Despite the promising findings, this study has certain limitations. The use of a porcine model, although closely mimicking human skin, may not fully replicate the complexities of human burn wound healing. Additionally, the sample size was limited, and further studies with larger cohorts are warranted to validate the findings. Future research should explore the long-term effects of Manuka honey on scar maturation and assess its efficacy for different types and severities of burns. Clinical trials involving human subjects are essential to confirm its translational potential and optimize application protocols.
The lack of additional controls such as a group with untreated burns or a vehicle-only group limits the study’s ability to isolate the specific effects of Manuka honey. Future research will incorporate these groups to address this limitation and provide a more comprehensive analysis of its therapeutic potential.

4. Materials and Methods

All procedures, including dressing changes and sample collection, were performed by personnel wearing protective clothing, such as gloves, masks, and sterile gowns, to maintain aseptic conditions. To prevent displacement of the dressing material and contamination of the wounds, a protective bandage suit was placed over the animals, ensuring the dressing remained secure and minimizing potential disruptions during the healing process.

4.1. Ethics Statement

The study was conducted entirely from an experimental perspective. All animal experiments were performed according to the European Directive for Protection of the Vertebrate Animals used for Experimental and Other Scientific Purposes 86/609/EES and the Principles of Good Laboratory Practice.
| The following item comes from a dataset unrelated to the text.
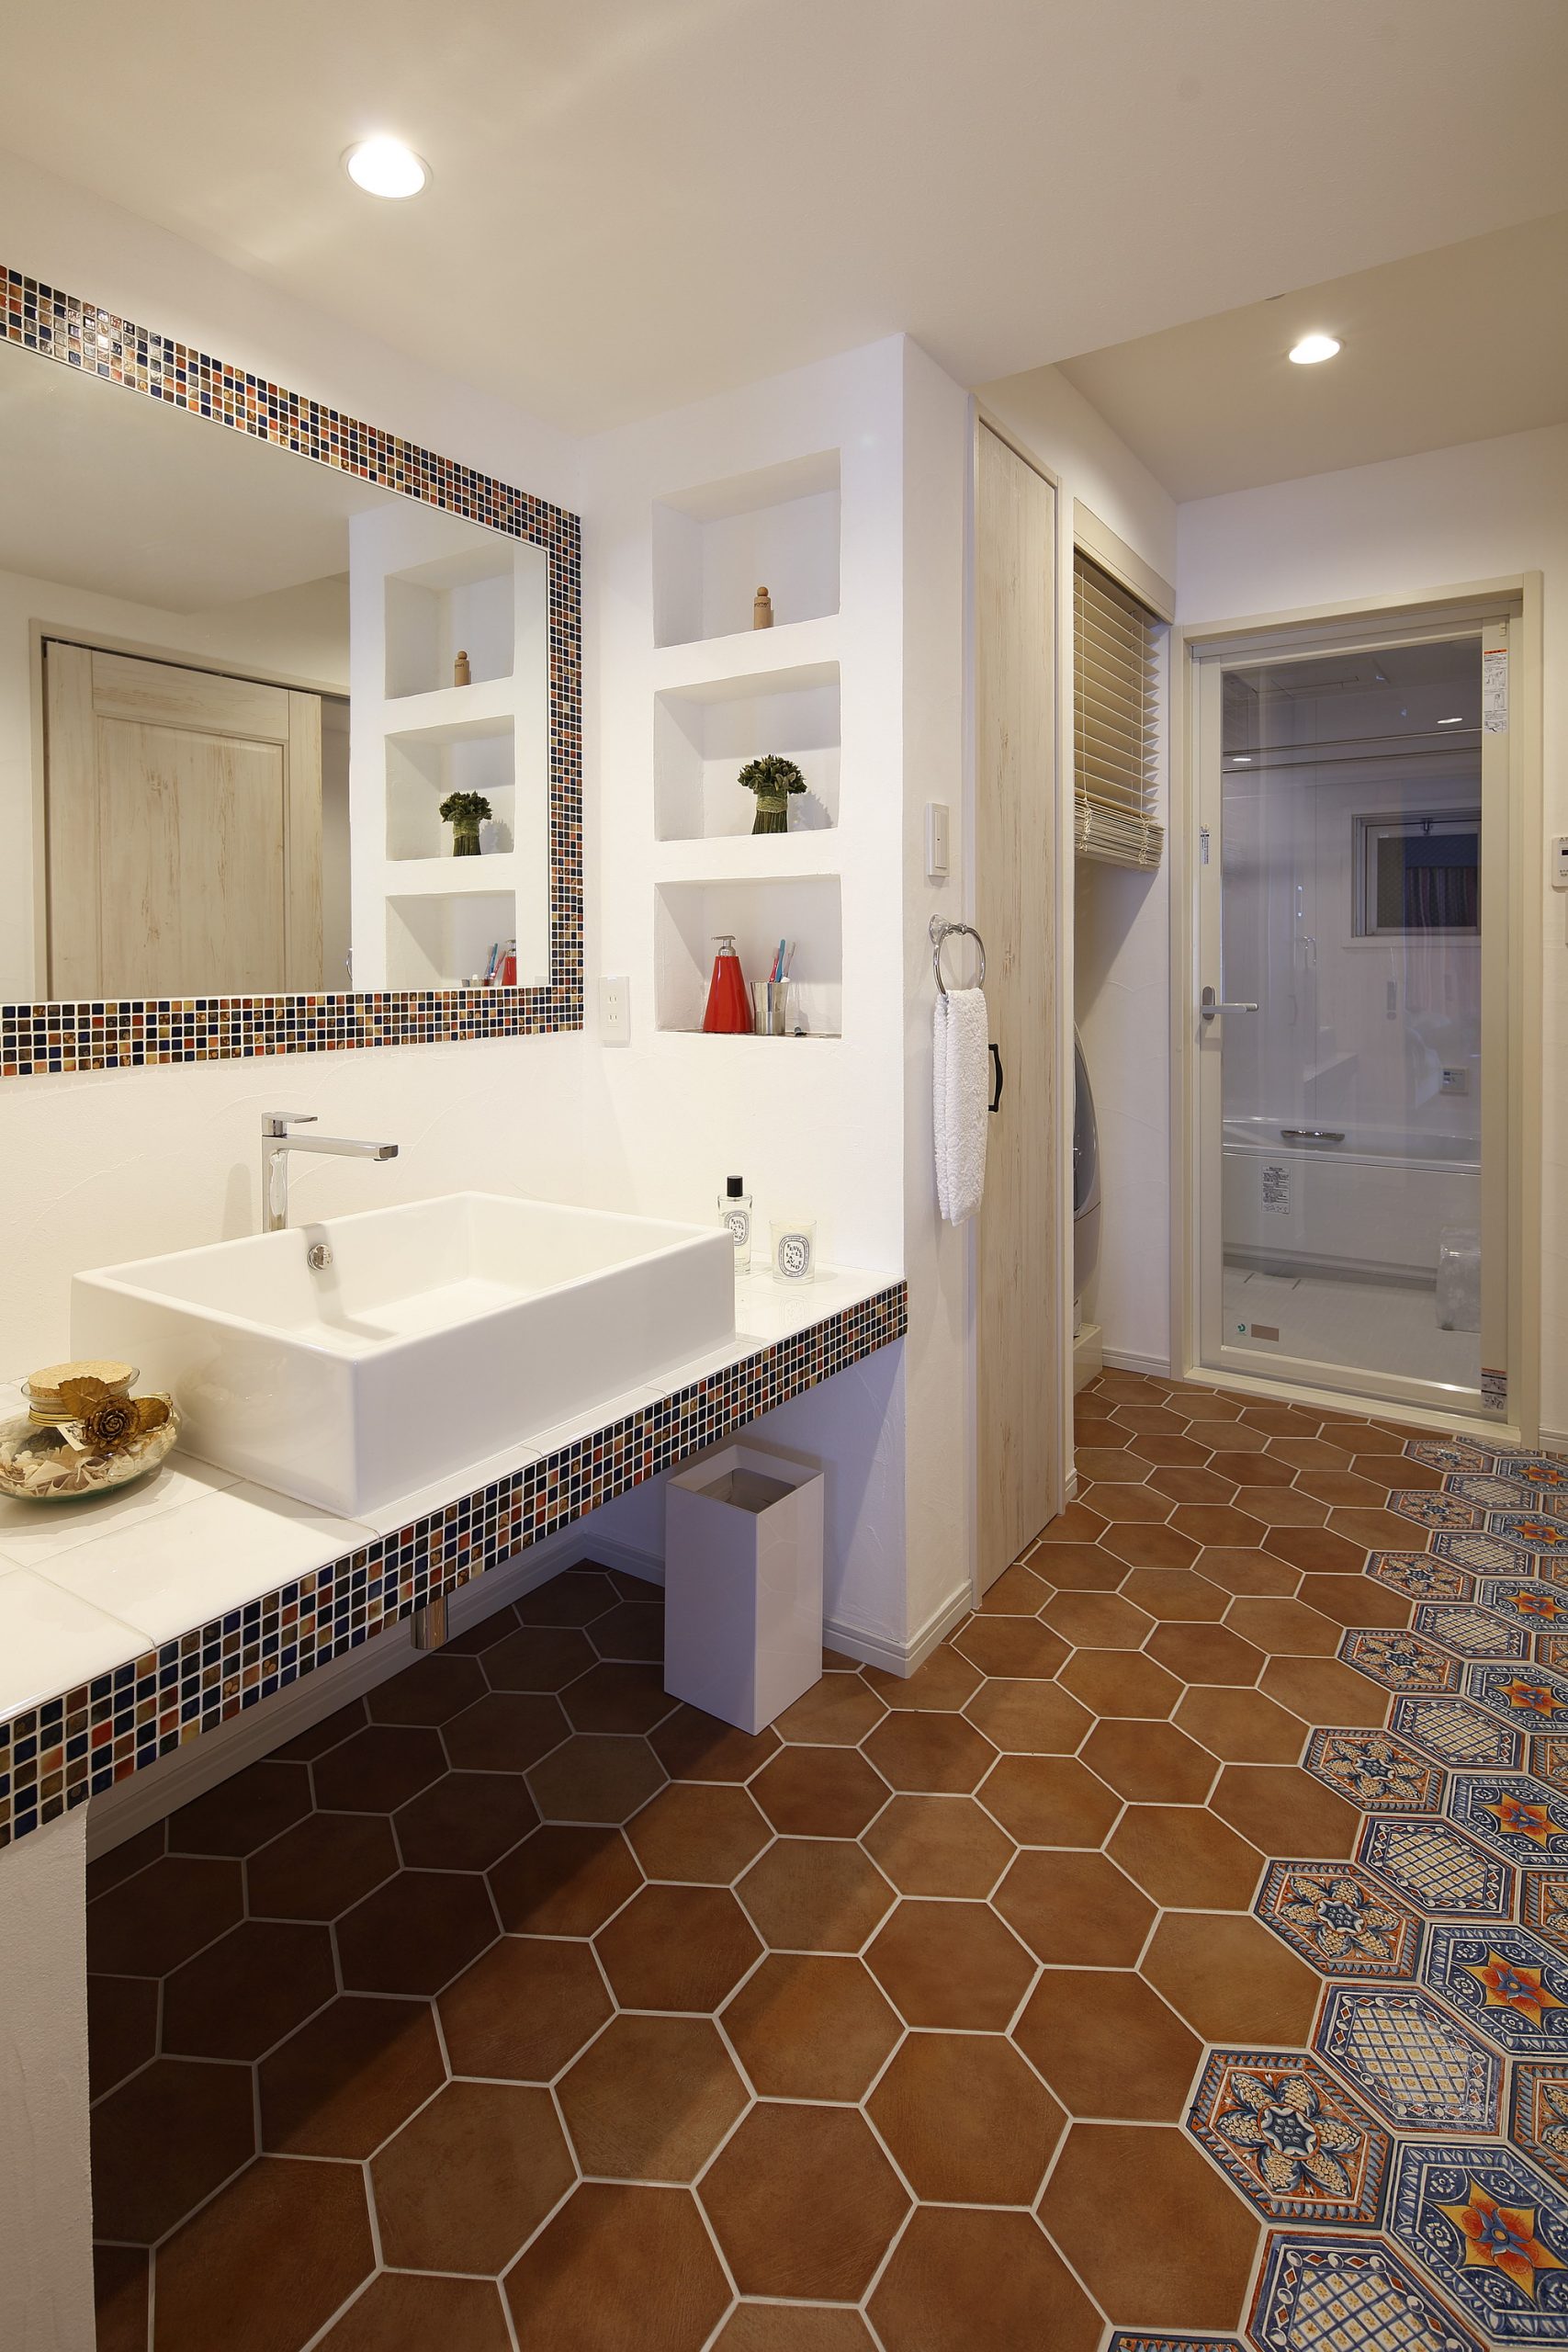 洗面台の写真。洗面台とミラー周りと、床のタイルにもこだわり、オレンジとブルーを基調とした楽しい空間となっている。

Study approval was obtained from the Ministry of Agriculture and Environmental Protection (Belgrade, Serbia; No. 323-07-04449/2021-05).
In accordance with international ethical standards, we ensured the safety of the experimental model prior to the main study. A pilot test was conducted on two pigs to evaluate the potential toxicity of Manuka honey, and no local or systemic adverse effects were observed. Furthermore, the non-toxic nature of Manuka honey has been confirmed in previous studies [9,11], supporting its safe application for wound healing. The findings of the pilot test provided a basis for the main experimental procedures, ensuring compliance with OECD guidelines for animal studies.

4.2. Animals

Nine healthy female experimental animals (pigs) of the Landrace breed with a body mass of 25–30 kg, aged between two and three months, and weaned were randomly selected for the experiment. The initial examination was conducted at the Institute of Livestock Belgrade-Zemun in a clinic designated for examining and treating experimental animals. Before starting the experiment, a thorough assessment was performed to ensure that the animals did not have any health issues that would prevent the experiment from being carried out. This included checking for any systemic diseases or other comorbidities. Seven days before the experiment began, the animals were placed in individual cages with unrestricted access to food and water. The animals were kept in a room ranging from 20 to 25 °C, with air humidity of 55 ± 1.5% and a 12 h light–dark cycle. No animals developed any other comorbidity or burn disease after the burn injuries, so initially, no animals were automatically excluded from the study and they did not need to be treated by the veterinarian in charge of the welfare of the experimental animals.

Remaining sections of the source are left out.